Case ID: f-appx_691/html/0244-01.html
Source: Caselaw Access Project
Author: {"author": "COOK, Circuit Judge.", "license": "Public Domain", "url": "https://static.case.law/"}
Date Created: 2024-08-24T03:29:51.129683

UNITED STATES of America, Plaintiff-Appellee, v. Jose Alberto LARA, Defendant-Appellant.
    No. 15-5874
    United States Court of Appeals, Sixth Circuit.
    Filed July 03, 2017
    Charles P. Wisdom, Jr., Assistant U.S. Attorney, Office of the U.S. Attorney, Lexington, KY, Anthony J. Bracke, Assistant U.S. Attorney, Office of the U.S. Attorney, Ft. Mitchell, KY, John Michael Pellettieri, U.S. Department of Justice, Criminal Division, Appellate Section, Washington, DC, for Plaintiff-Appellee
    Candace C. Crouse, Piñales Stachler Young Burrell & Crouse, Cincinnati, OH, for Defendant-Appellant
    BEFORE: ROGERS, SUTTON, and COOK, Circuit Judges.
   COOK, Circuit Judge.

In a previous opinion, we held in abeyance the issue of whether defendant Jose Alberto Lara could be found jointly and severally liable for the proceeds of a drug conspiracy in which he had participated. United States v. Lara, 679 Fed.Appx. 392, 396, 2017 WL 527912, at *4 (6th Cir. Feb. 8, 2017). We did so because the Supreme Court had recently granted certiorari in a separate case to address “whether, under [21 U.S.C.] § 853, a defendant may be held jointly and severally liable for property that his co-conspirator derived from the crime but that the defendant himself did not acquire.” Honeycutt v. United States, — U.S. -, 137 S.Ct. 1626, 1630, 198 L.Ed.2d 73 (2017).
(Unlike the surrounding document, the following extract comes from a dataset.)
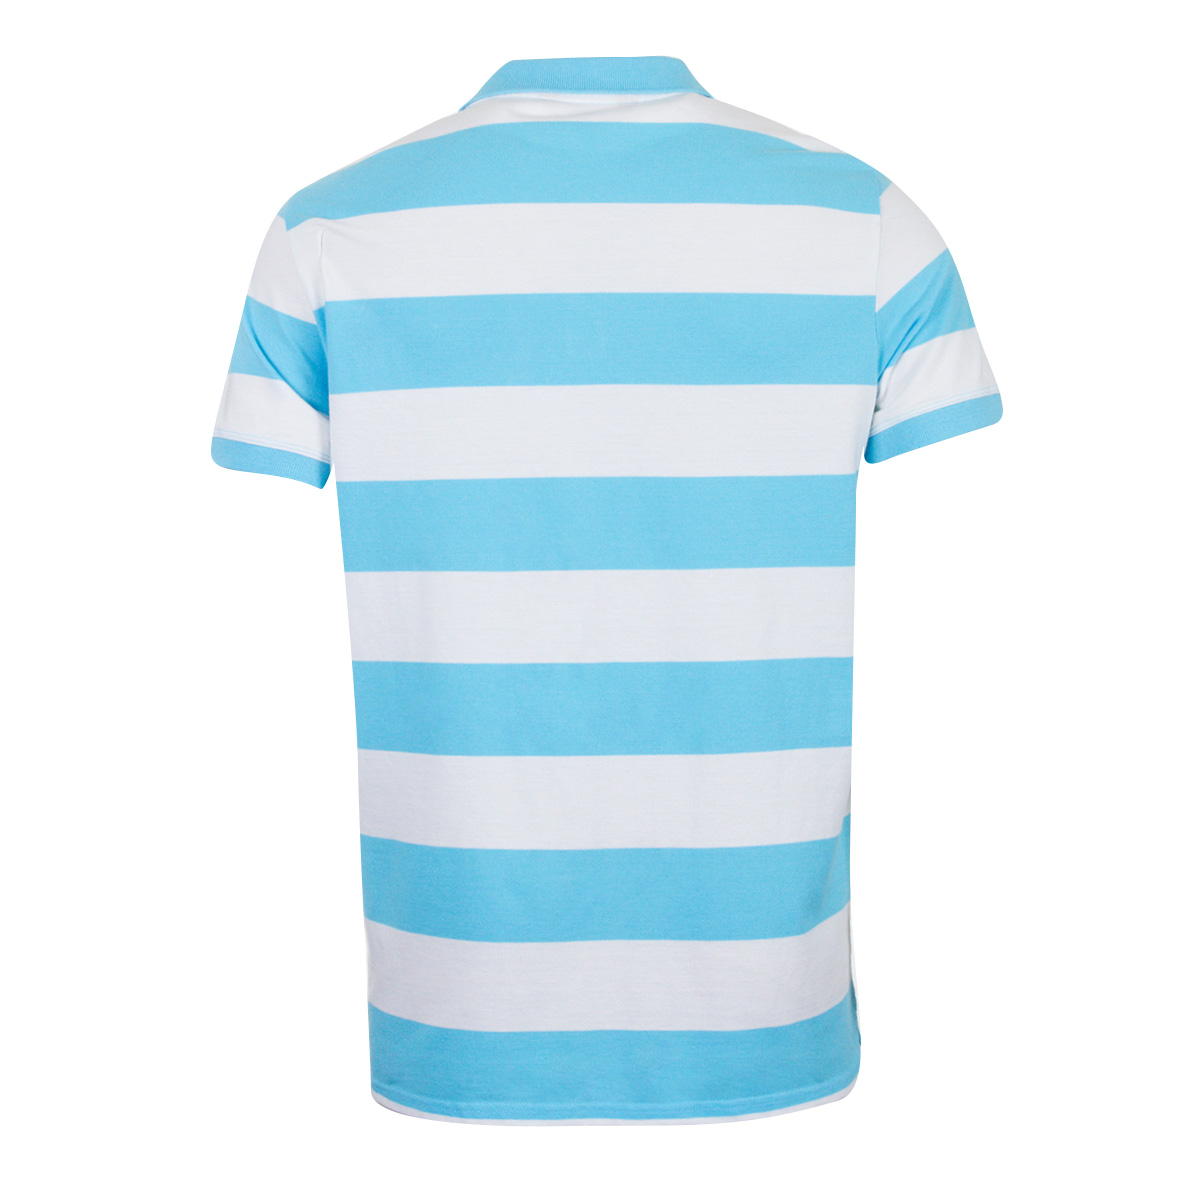 Rugbystore Argentina 1910 Mens Striped Polo Shirt - Sky Blue and White ...

The Court now has resolved that question, holding that “[Congress] authorized the Government to confíscate assets only from the defendant who initially acquired the property and who bears responsibility for its dissipation.” Id. at 1634; see also id. at 1633-35 (rejecting the application of Pinkerton v. United States, 328 U.S. 640, 66 S.Ct. 1180, 90 L.Ed. 1489 (1946), (i.e„ conspiracy liability) to § 853). Because the district court held Lara liable under § 853 for $162,211 — the sum of the drug proceeds attributed to the conspiracy as a whole — without making factual findings about what portion (if any) Lara “actually acquired” or whether he received “substitute property” derived from the proceeds, see id. at 1633-35, we VACATE the district court’s sentence with respect to Lara’s money-forfeiture judgment and REMAND for further proceedings consistent with this opinion. The judgment of the district court is otherwise AFFIRMED for the reasons given in our prior opinion.